Always take Exlutena exactly as prescribed by your doctor or midwife. The strict timing of progestogen-only pills is critical for maintaining reliable contraceptive protection. Unlike combined pills, there is no hormone-free interval – you take one tablet every day, continuously.

How to Take the Tablets

Daily Administration

Dose: 1 tablet (0.5 mg lynestrenol) once daily

Timing: At approximately the same time every day

Administration: Swallow whole with water

Each blister pack contains 28 tablets with the day of the week printed on the back. Start each new pack by taking a tablet from the top row corresponding to the current day. Follow the arrows on the pack, taking one tablet daily until the pack is empty. When one pack is finished, start a new pack the next day – with no break between packs and without waiting for a bleed.

Starting Exlutena for the First Time

If You Have Not Used Hormonal Contraception in the Previous Month

Take the first tablet on the first day of your menstrual bleeding (day 1 of your period). This gives you immediate contraceptive protection from day 1 – no additional contraception is needed.

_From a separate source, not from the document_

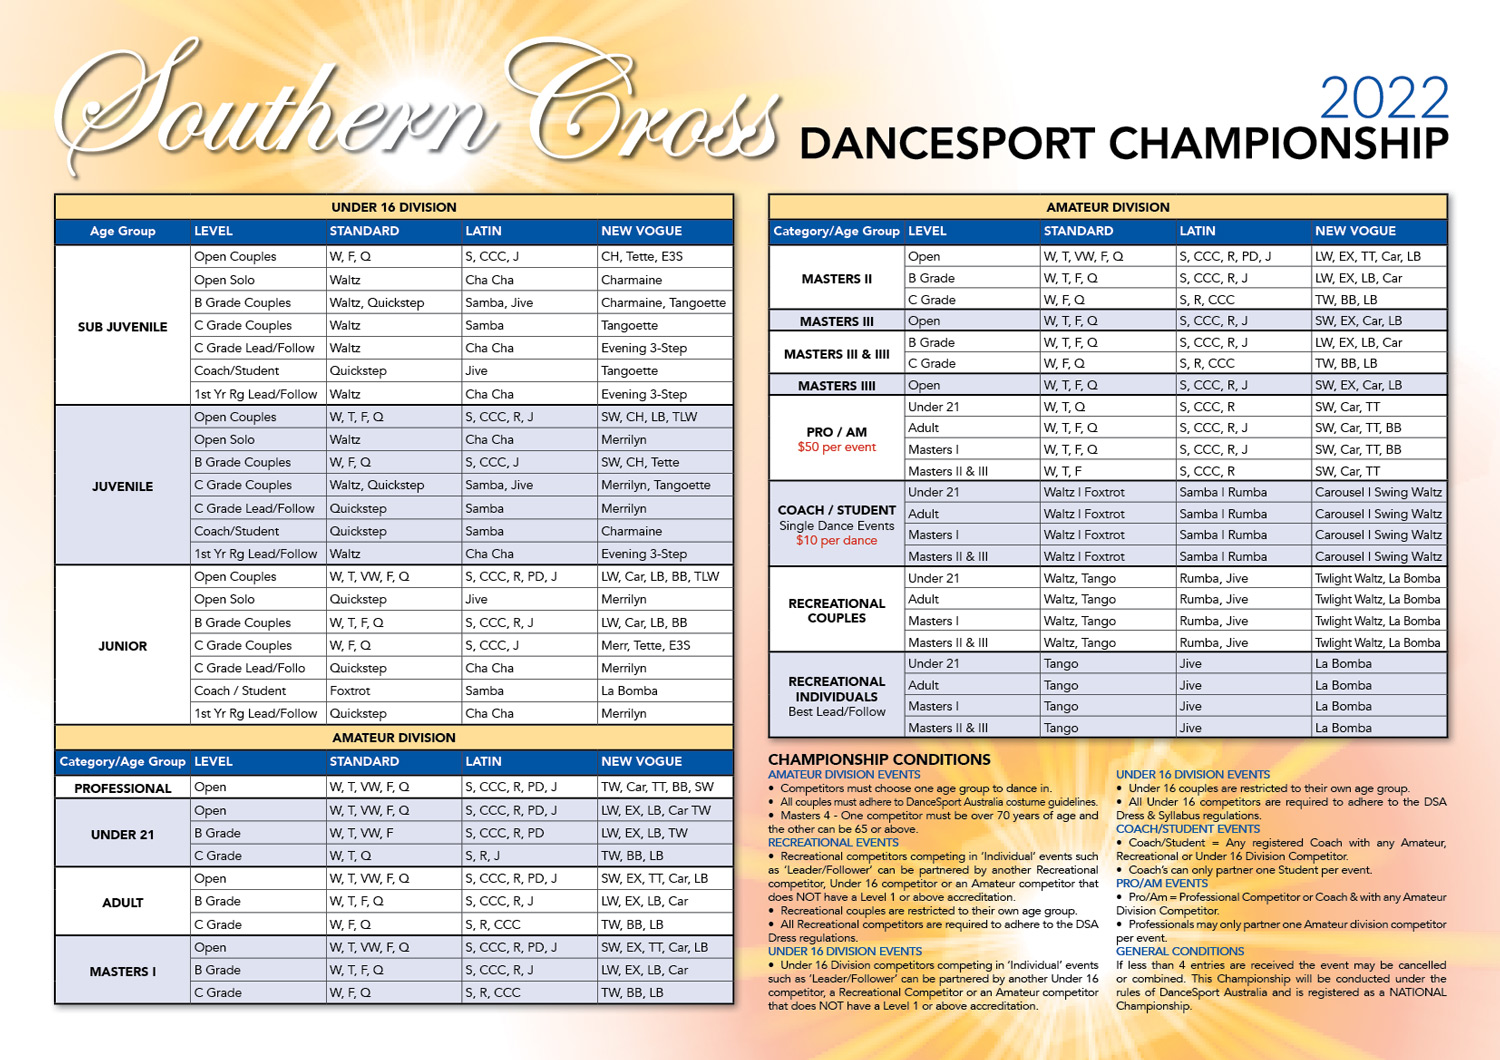 ADS Southern Cross Dancesport Championship Literature

You may also start on days 2–5 of your period, but you must then use additional protection (e.g. condoms) for the first 7 days.

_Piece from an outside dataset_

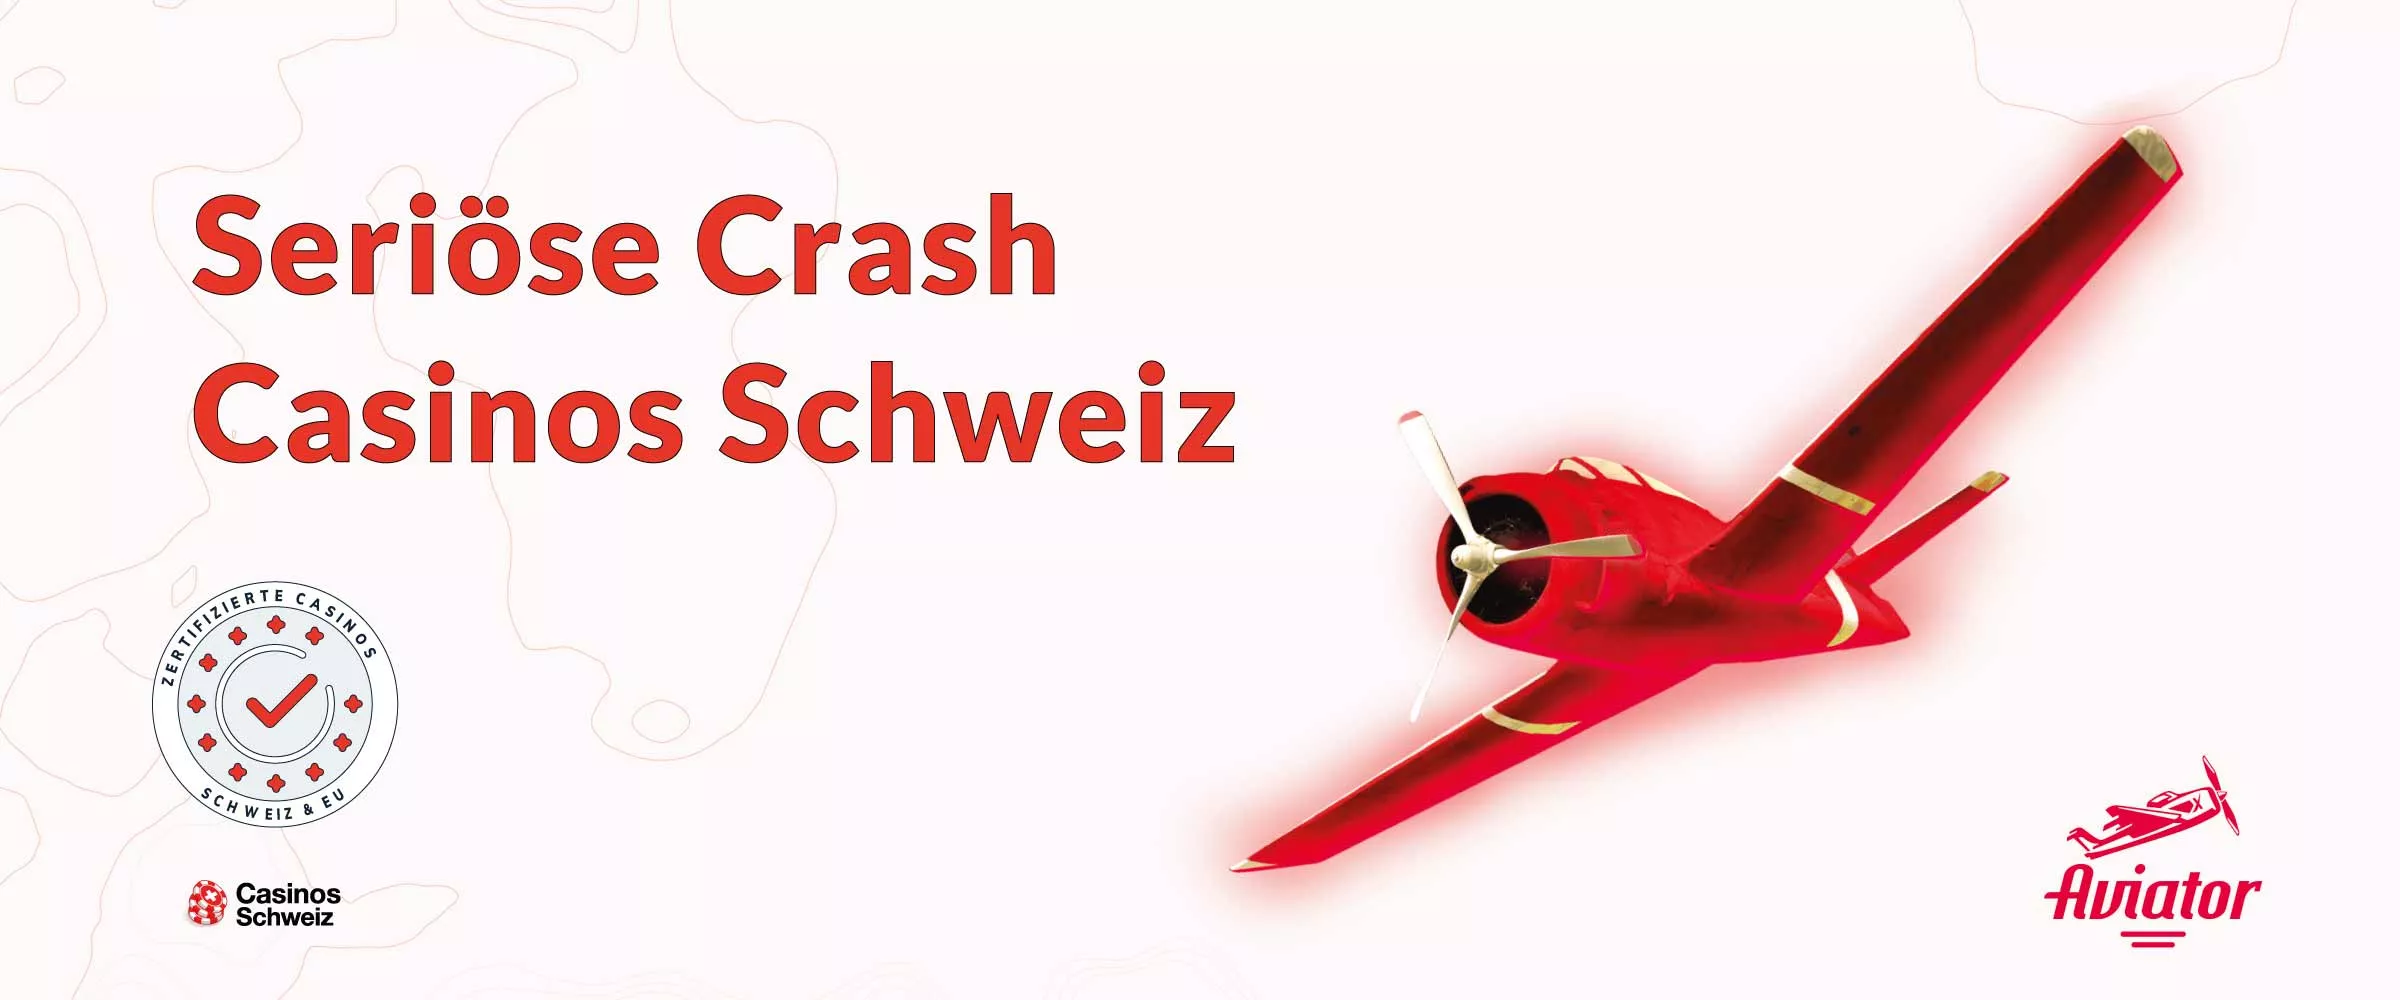 Seriöse Crash Casinos Schweiz

Switching from a Combined Oral Contraceptive, Vaginal Ring, or Patch

Start Exlutena on the day after taking the last active tablet of your combined pill, or on the same day you remove your ring or patch. Do not observe the usual hormone-free interval. No additional contraception is needed if you follow these instructions.

Switching from Another Progestogen-Only Pill

You can stop the other mini-pill and start Exlutena on any day. No additional protection is needed.

Switching from an Injectable, Implant, or Hormonal IUD

Start Exlutena on the day your next injection would be due, or on the day your implant or hormonal IUD is removed.

After Childbirth

Your doctor or midwife may advise you to wait until your first normal period before starting Exlutena, or may recommend starting earlier. Follow their specific guidance.

After Miscarriage or Abortion

Your doctor or midwife will advise you on when to start. In many cases, Exlutena can be started immediately.

Missed Dose

The timing window for progestogen-only pills is narrow. If you are less than 3 hours late, take the missed tablet as soon as you remember and continue taking your pills at the normal time. Your contraceptive protection is maintained.

If you are more than 3 hours late, your contraceptive protection may be reduced. Take the missed tablet as soon as you remember and continue taking subsequent tablets at the normal time. In addition, use barrier contraception (e.g. condoms) for the next 7 days. If you missed one or more tablets during the very first week of use and had unprotected sex in the week before the missed tablets, there is a risk of pregnancy. Consult your doctor or midwife for advice.

Vomiting or Severe Diarrhoea

If you vomit or have used activated charcoal within 3–4 hours of taking your Exlutena tablet, or if you have severe diarrhoea, the active substance may not have been fully absorbed. In this case, follow the same advice as for a missed tablet: use additional barrier contraception for the next 7 days.

Overdose

Overdose Information:

There are no reports of serious harmful effects from taking too many Exlutena tablets at once. Symptoms that may occur include nausea, vomiting, and, in young girls, a slight vaginal bleed. If you suspect an overdose, contact your doctor, pharmacist, or local poison control centre for advice.

Stopping Exlutena

You can stop taking Exlutena whenever you wish. If you stop because you want to try to become pregnant, it is generally recommended to wait until you have had your first normal menstrual period before attempting to conceive. This helps your doctor or midwife date the pregnancy more accurately. Use a non-hormonal method of contraception in the meantime if you wish to avoid pregnancy.

Unexpected Bleeding

Irregular vaginal bleeding is common when taking progestogen-only pills. This can range from light spotting to bleeding resembling a period. Some women may not have any bleeding at all. These bleeding irregularities do not mean that contraceptive protection is reduced. Usually, no action is needed – simply continue taking Exlutena as normal. If bleeding becomes heavy or prolonged, contact your doctor or midwife.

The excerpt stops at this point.